After finishing at the post office, we still had more than half an hour, so we drove around Cross Plains, getting a feel for the place. It didn't take long. About ten minutes, in fact.

The main thing I noticed was the streets. The main streets are named Main and First. The rest of the streets are named ... well, Second, Third, Fourth, and so on... and the cross streets were Avenue A, Avenue B, Avenue C, Avenue D, and like that. We were about ready to go back to the Howard House when I finally saw a street named Cypress, and burst out laughing. Finally, a street with an actual NAME!

It frankly confirmed a lot of what I'd been thinking about the actual inhabitants. These hadn't been imaginative folks. They had an oil boom going on, and they were in a hurry and to heck with real street names, Avenue A will work just fine...

By now, a few people had gathered at the pavilion to the left of the Howard House, and a school bus had pulled up. The information we had said that there would be a guided tour of some of Robert Howard's favorite haunts in town, and we decided that would be as good a way to kill an hour as any, so we parked and walked up to the pavilion.

Immediately, a half dozen people were ON us. Welcome! Was this our first time? Had we registered? Well, no, actually we hadn't... we were kind of planning on playing it anonymous... but with so few people here, we stood out. Our Hawaiian shirts didn't help much, either... most everyone else was dressed like rednecks, except for the tourists. We stood out like peacocks in the chicken coop. Meekly, we submitted, got nametags, and signed the guest registry, and went into the house to see what there was to see.

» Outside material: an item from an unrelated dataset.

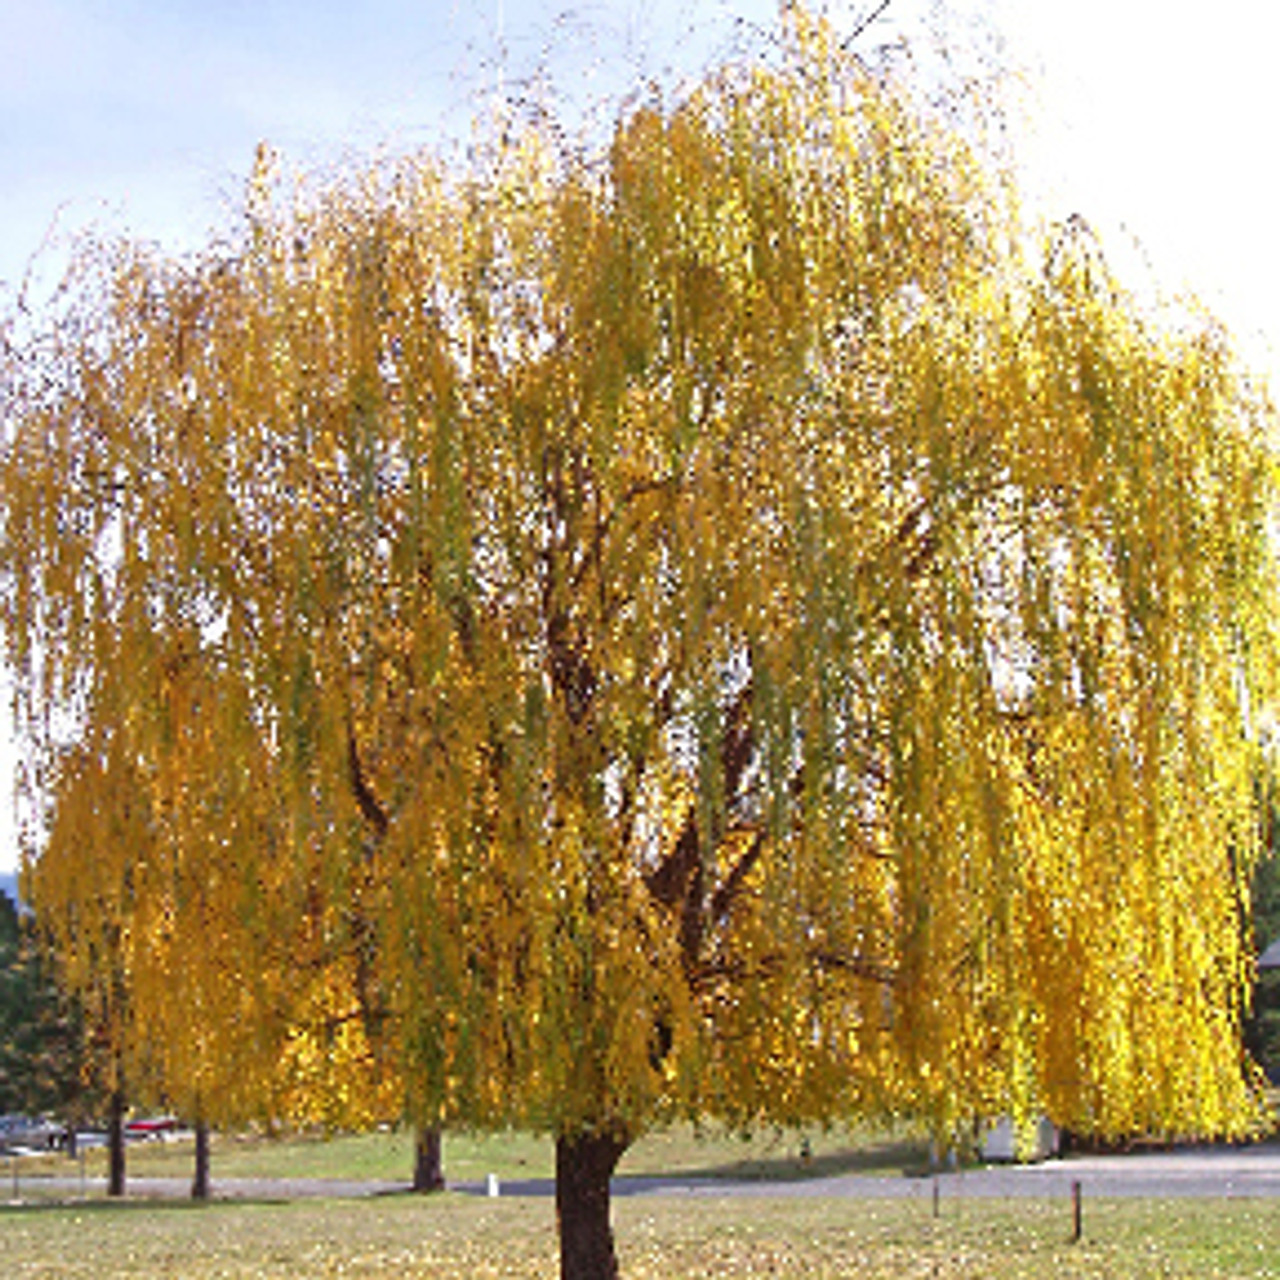 willow tree in fall

The house was interesting, though. They'd gone to the trouble of trying to duplicate what the house had looked like in 1936, as closely as possible. Author L. Sprague de Camp, the guy who co-wrote all those Conan novels in the sixties, had apparently wound up with a fair number of the Howard family possessions, and had donated many of them back to Project Pride. I was informed of this, kind of relentlessly, by the horde of Project Pride people in the house who were only too anxious to tell me all about it.


The heck of it is... Cross Plains really hasn't CHANGED that much since 1936. Really! I mean, we walked around the yard before entering the Howard House... at one point, it occurred to me I was likely standing about where Robert Howard shot himself... when I heard something make an odd noise. I looked up. Off in someone's back yard, facing into the Howards' back yard, a donkey looked back at me. Somewhere else nearby, I heard chickens cackling.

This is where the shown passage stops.